While looking through older renderer code (D3D/Glide stuff), I noticed that the DrawTile path was clamping colors. I didn't do this in the BufferTileQuads path up until now. Although I never saw it causing any problems, I added clamping code in version 3.2 just in case. This is a little slower of course (even though still faster than previous similar code), but pulling the rdtsc instructions in the same area should help balance things out. I also added some SSE2 code to the DrawTile path for buffering color data. This code can do the clamping at no added cost and is a bit faster than the previous code, both clamping and no clamping versions.

The source code now includes VC6 project files with various updates. Unfortunately, this release won't build correctly with the VC8 compiler version 14.00.50727.42 due to a code generation bug with optimizations enabled. The does far too many extra moves with SSE/SSE2 intrinsics register allocator in previous compiler releases appears to have been at least partially fixed in VC8, well sort of. Now it generates incorrect code when telling it to do unaligned loads. I see no good way to work around this since the problem still occurs with just a simple single load followed by single store code snippet. So, if you try to build the renderer with any VC8 compiler with this problem, either disable all of the SSE/SSE2 code with the ifdef, or make the necessary modifications to only remove the SSE2 code in the DrawTile path.

12-4-2005
The last thing I was working on was replacing a couple major functions in render.dll. I never got it to be completely stable and it didn't handle a few special effects correctly, but I was able to run a few tests with it on frames that it did draw identically. After a while, I decided to not bother with trying to finish it since I don't play anymore, but I was able to test a few things of interest. Most of the details don't really matter, but without spending too much time optimizing parts of it (after spending a lot of time trying to make it work the same as the original...), I was able to increase the frame rate by up to 5% in mesh heavy frames.

Fixing the TruForm problem with incorrectly applying it to non-character meshes only took adding a new flag bit and a few simple checks.
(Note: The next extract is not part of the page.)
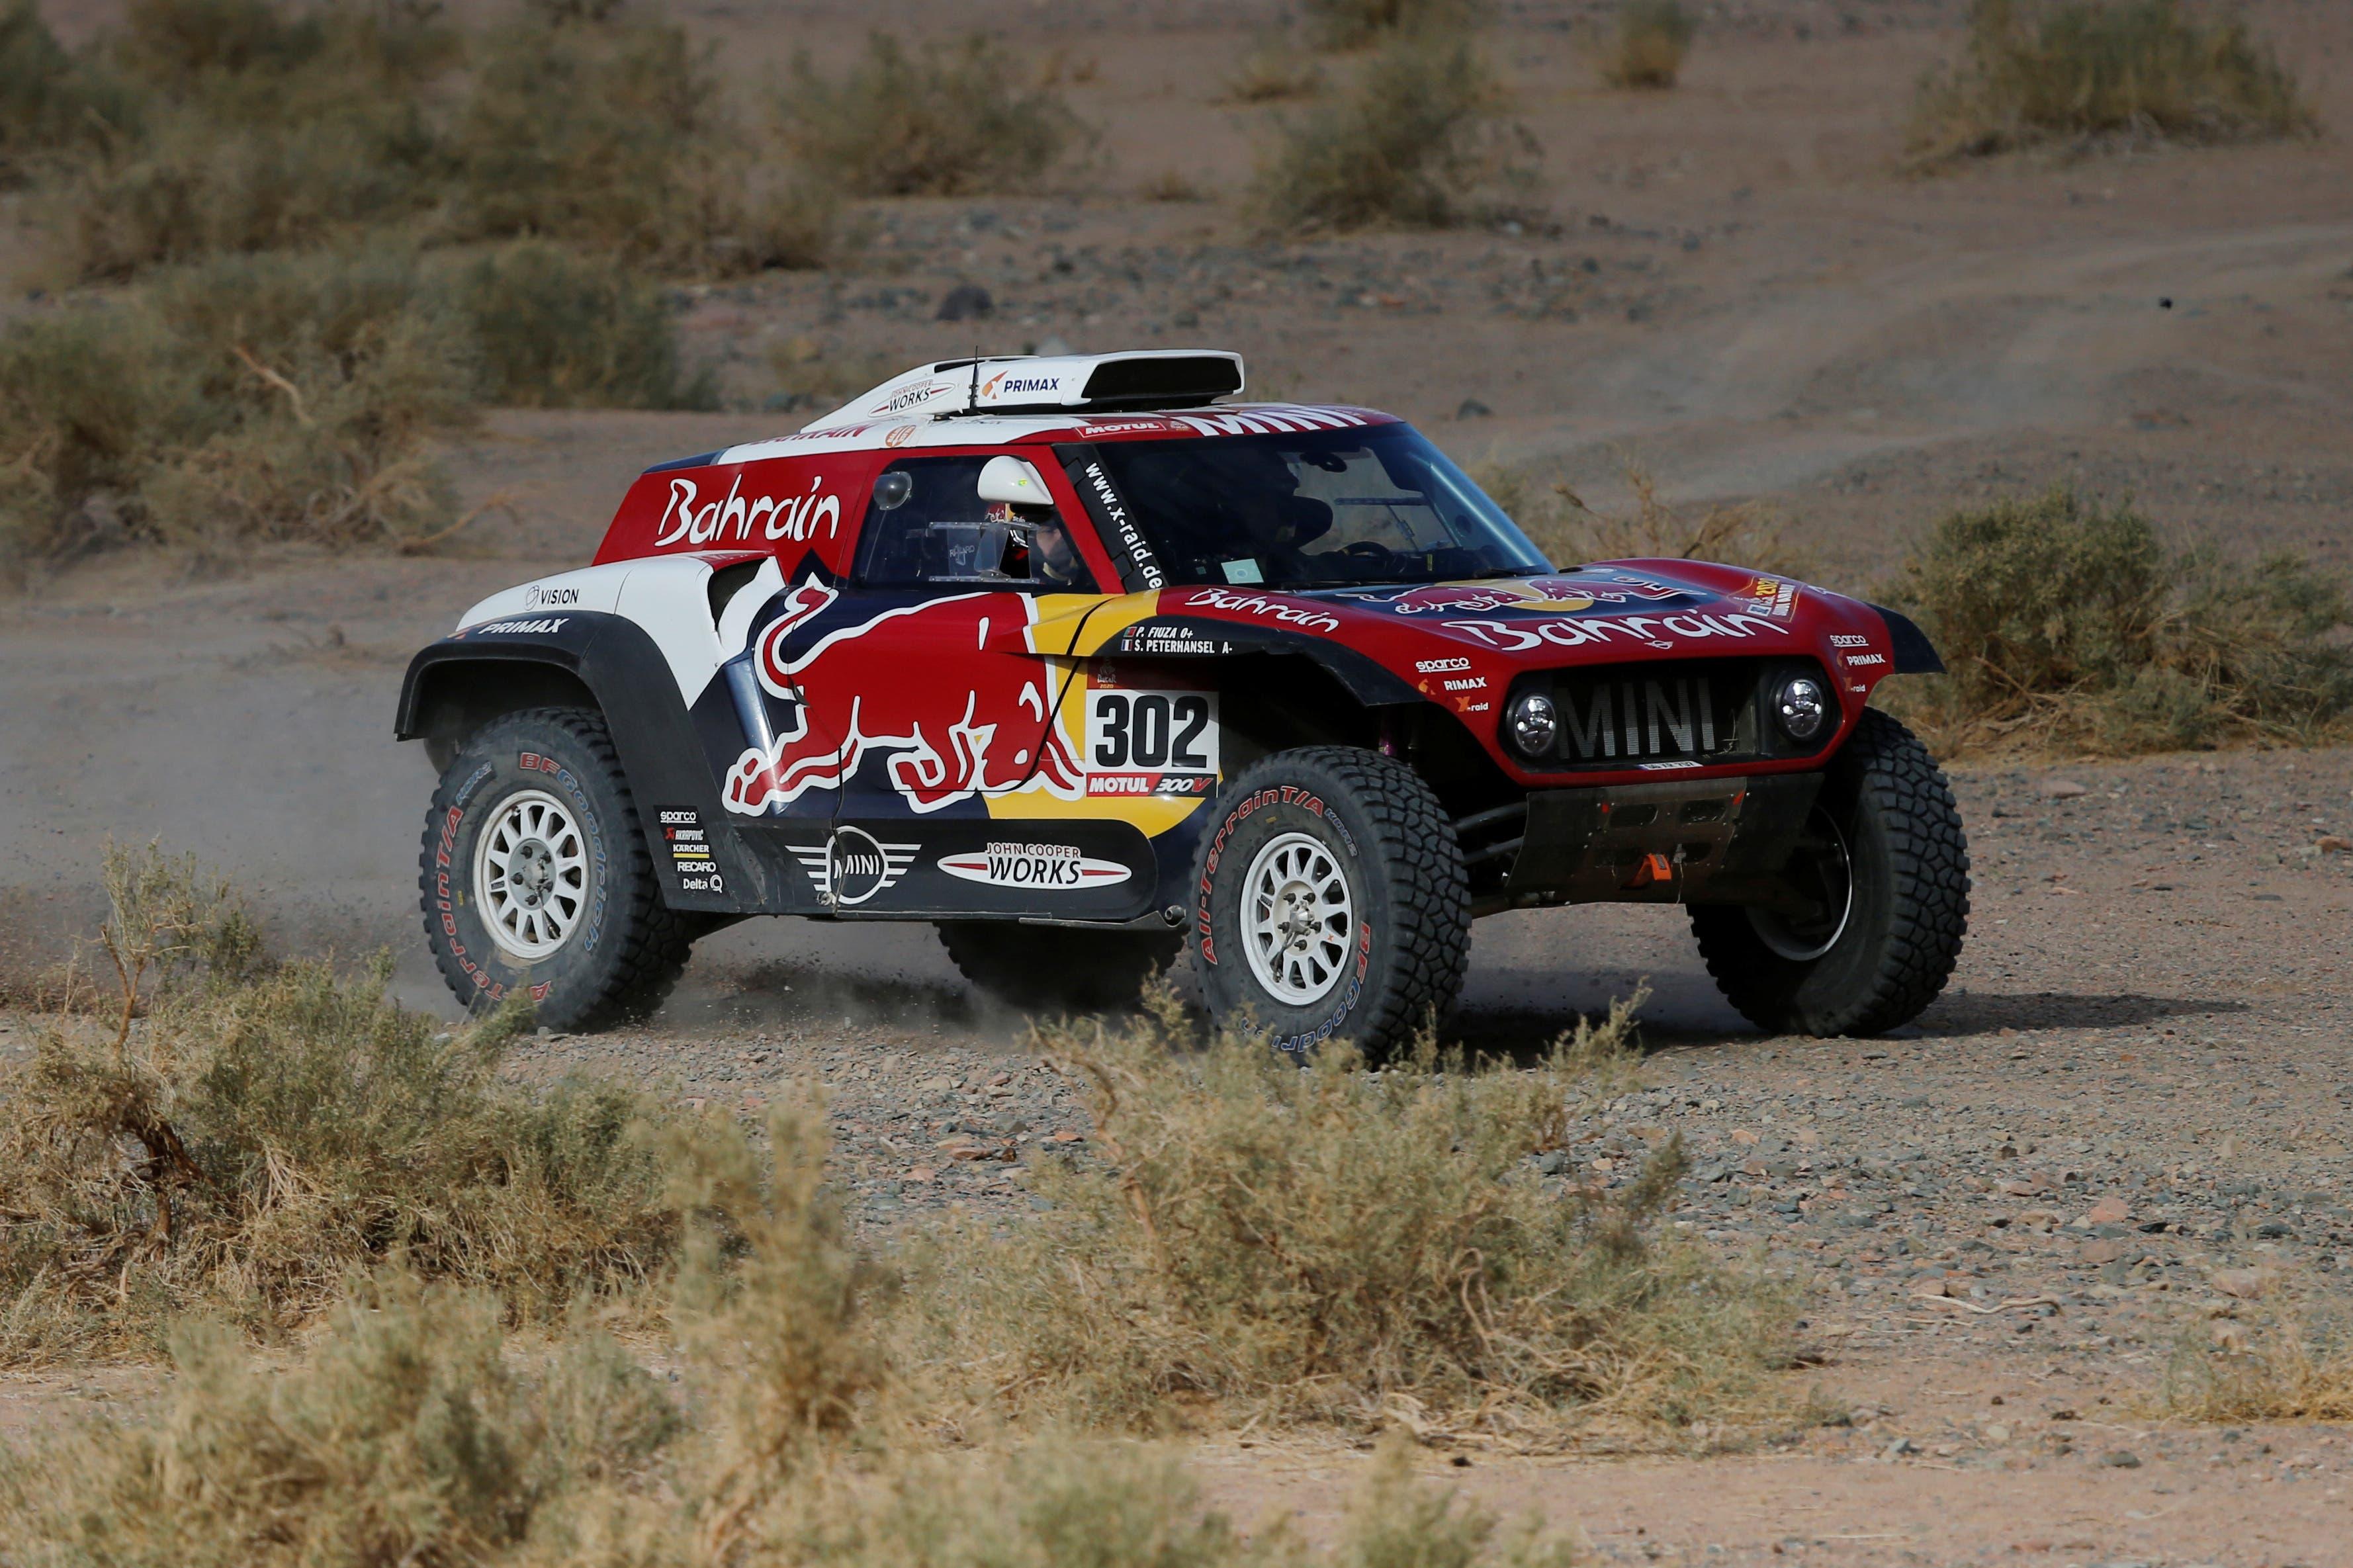 Dakar 2020: una cuarta etapa del Mar Rojo a las montañas y la ventaja de Sainz

The other problem with corrupt triangles that spanned the edge of the screen when TruForm was enabled was automatically fixed as part of the optimization to not spend time clipping these in software. Of course now that ATI has pulled TruForm support from their drivers, fixing these glitches isn't so important anymore.

I was supposed to be done with renderer updates, but I might put together one more test build. Although it may have some other (hopefully minor) side effects, I might know how to avoid one of the major remaining game speed problems. This is the one that causes problems on systems that dynamically vary the speed of the CPU's timestamp counter. The major classes of systems affected by this include ones with Pentium M, certain newer P4, and certain newer K8 CPUs.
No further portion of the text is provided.